The researchers then determined the proportion of patients in each category with complete early virological response (cEVR) -- or undetectable HCV RNA (< 20 IU/mL) at week 12 -- and SVR at week 72 (48 weeks of treatment plus 24 weeks of follow-up).

Results

	RVR, cEVR, and SVR rates were similar for both ribavirin dose regimens, so these data were combined.
	As expected, there was a large difference in SVR rate between patients with and without RVR: 71% vs 17%, respectively.
	Among non-RVR patients, the probability of cEVR rose according to the magnitude of HCV RNA decrease at week 4:
	>3 log drop: 91%; >2 log: 45%; >1 log drop: 14%; < 1 log drop: 1%.
	A similar pattern was seen for SVR:
	>3 log drop: 56%; >2 log: 40%; >1 log drop: 13%; < 1 log drop: 3%.
	Among the patients who did not have RVR but did have cEVR, 64% went on to achieve SVR.

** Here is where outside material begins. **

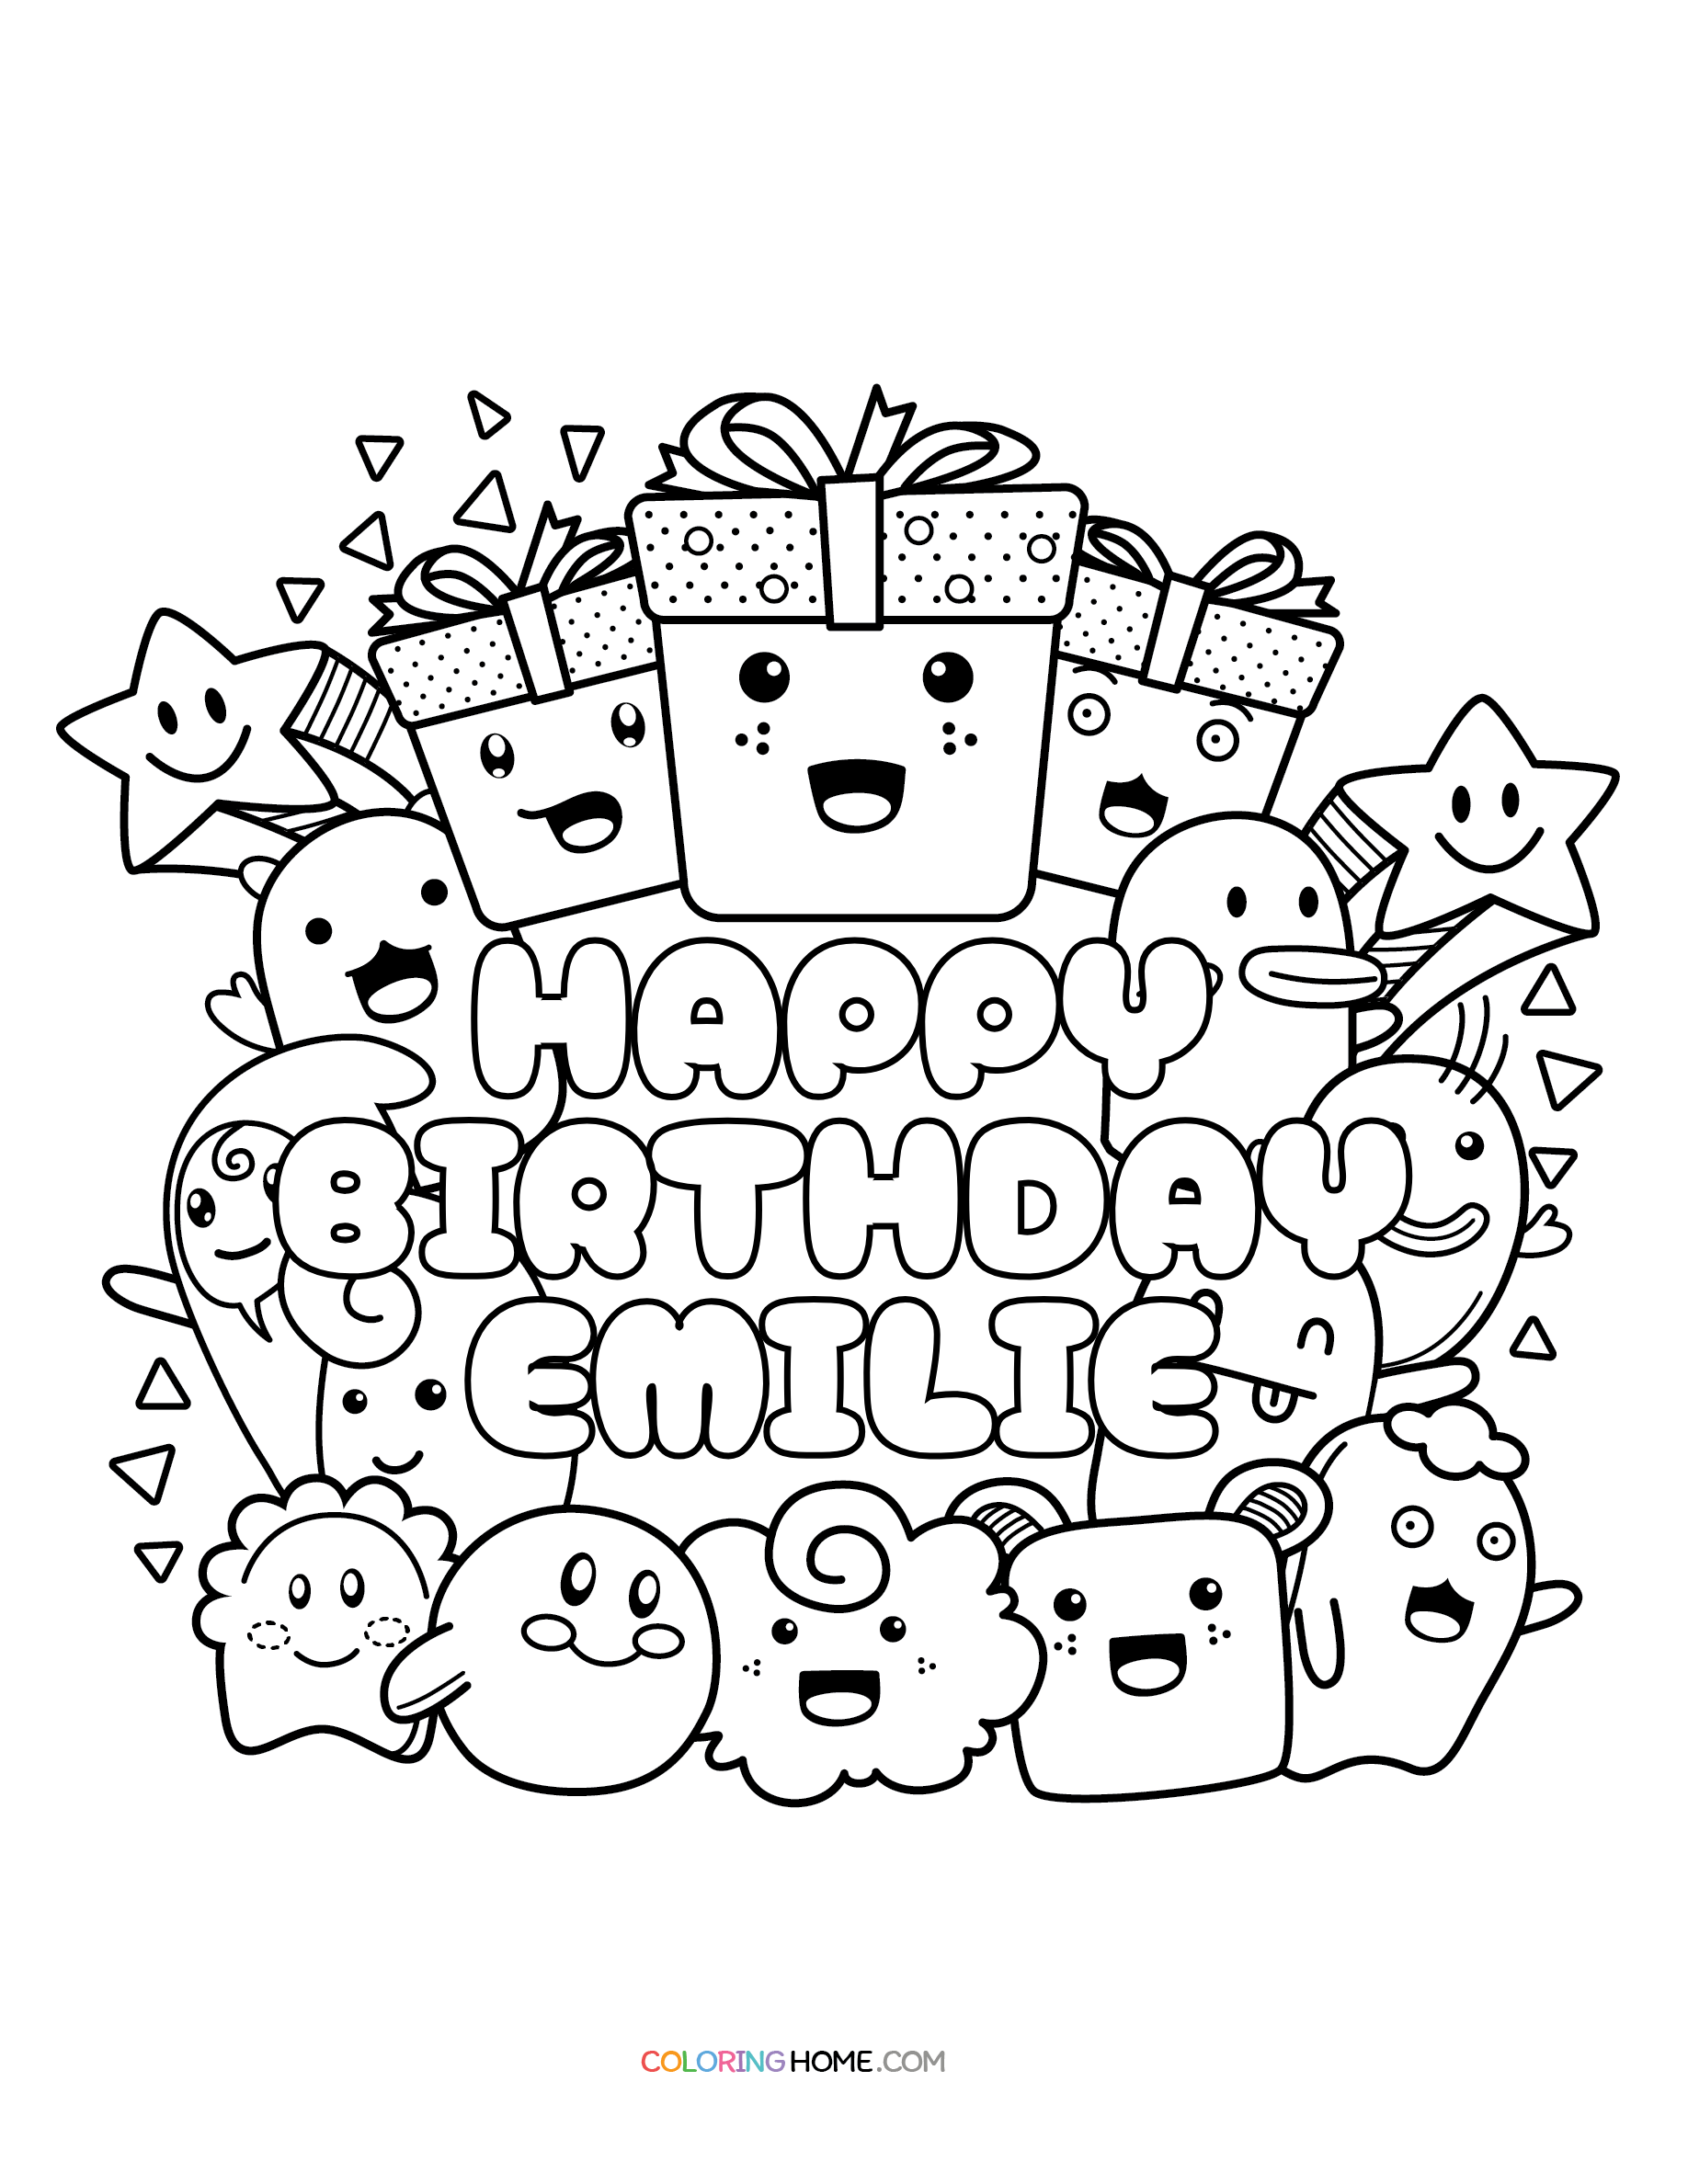 Happy Birthday Emilie coloring page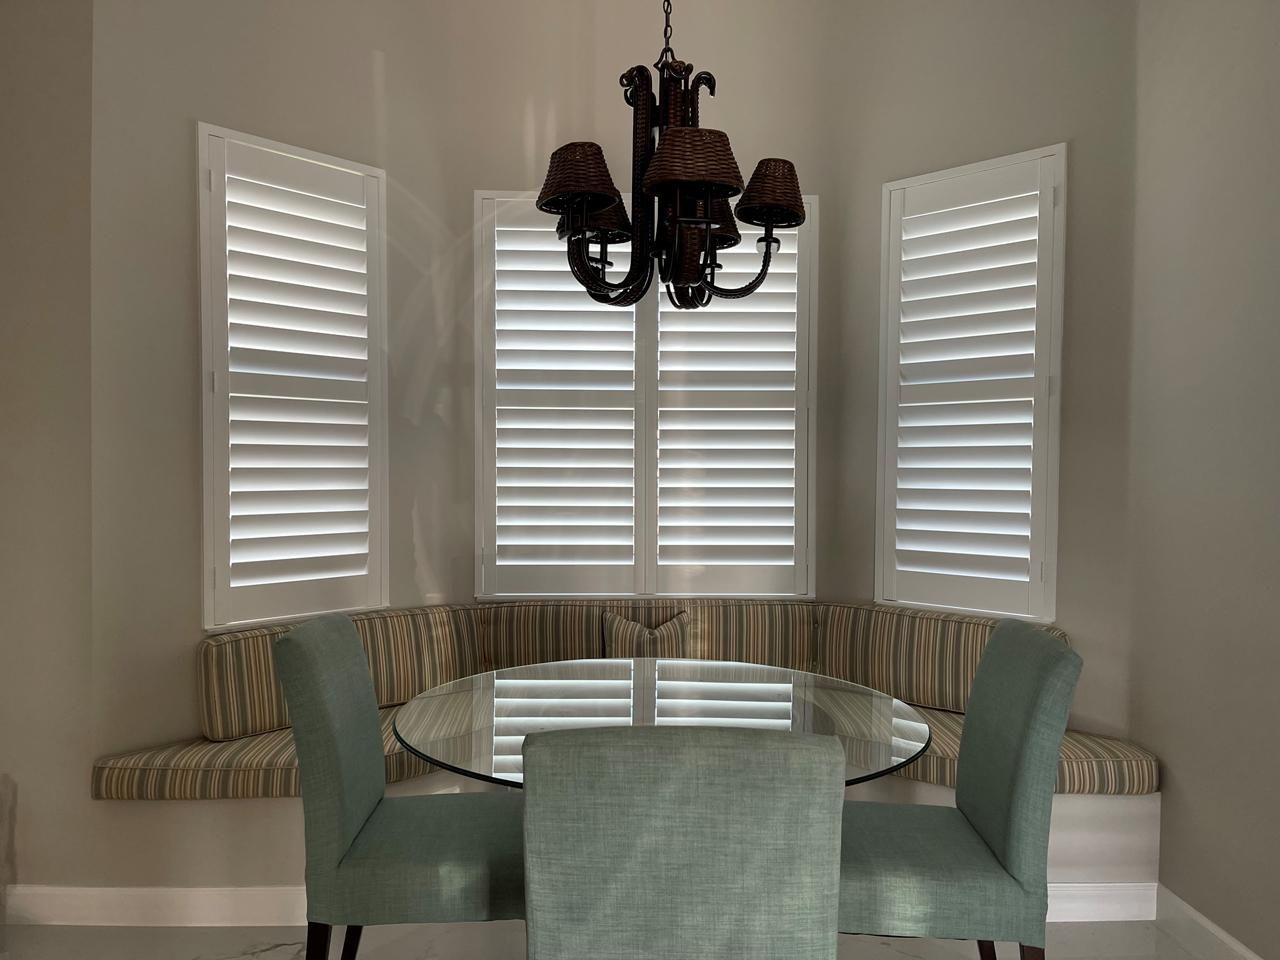 Bay window banquette with shutters

"RVR is a strong predictor of achieving a SVR," the researchers concluded. "However, among non-RVR patients, those that achieved at least a 2-log decrease in HCV RNA by week 4 of treatment had good rates of SVR when treated with [pegylated interferon alfa-2a] plus ribavirin."

"Non-RVR patients achieving a cEVR had high rates of SVR," they continued. "A decrease in HCV RNA of more than 2-log by week 4 or clearance of HCV RNA by week 12 should be considered a strong incentive to complete the planned treatment duration in [HIV/HCV] coinfected genotype 1 patients."

Investigator affiliations: Johns Hopkins University School of Medicine, Baltimore, MD; St. Michael's Medical Center, Newark, NJ; Virginia Commonwealth University, Richmond, VA; University of California San Diego, San Diego, CA; Hospital del Mar, Barcelona, Spain; Hospital Sao Joao, Porto, Portugal; The Research Institute, Springfield, MA; Roche, Nutley, NJ, United States; Fundacion de Investigacion De Diego, Santurce, Puerto Rico.

11/23/10

Reference
MS Sulkowski, J Slim, RK Sterling, and others. Sustained virologic response (SVR) rates in HIV-HCV G1 co-infected patients according to the magnitude of HCV RNA decrease at week 4 of treatment with peginterferon (PegIFN) alfa-2a (40KD) plus ribavirin (RBV) in the PARADIGM study. 61st Annual Meeting of the American Association for the Study of Liver Diseases (AASLD 2010). Boston, October 29-November 2, 2010. Abstract 920.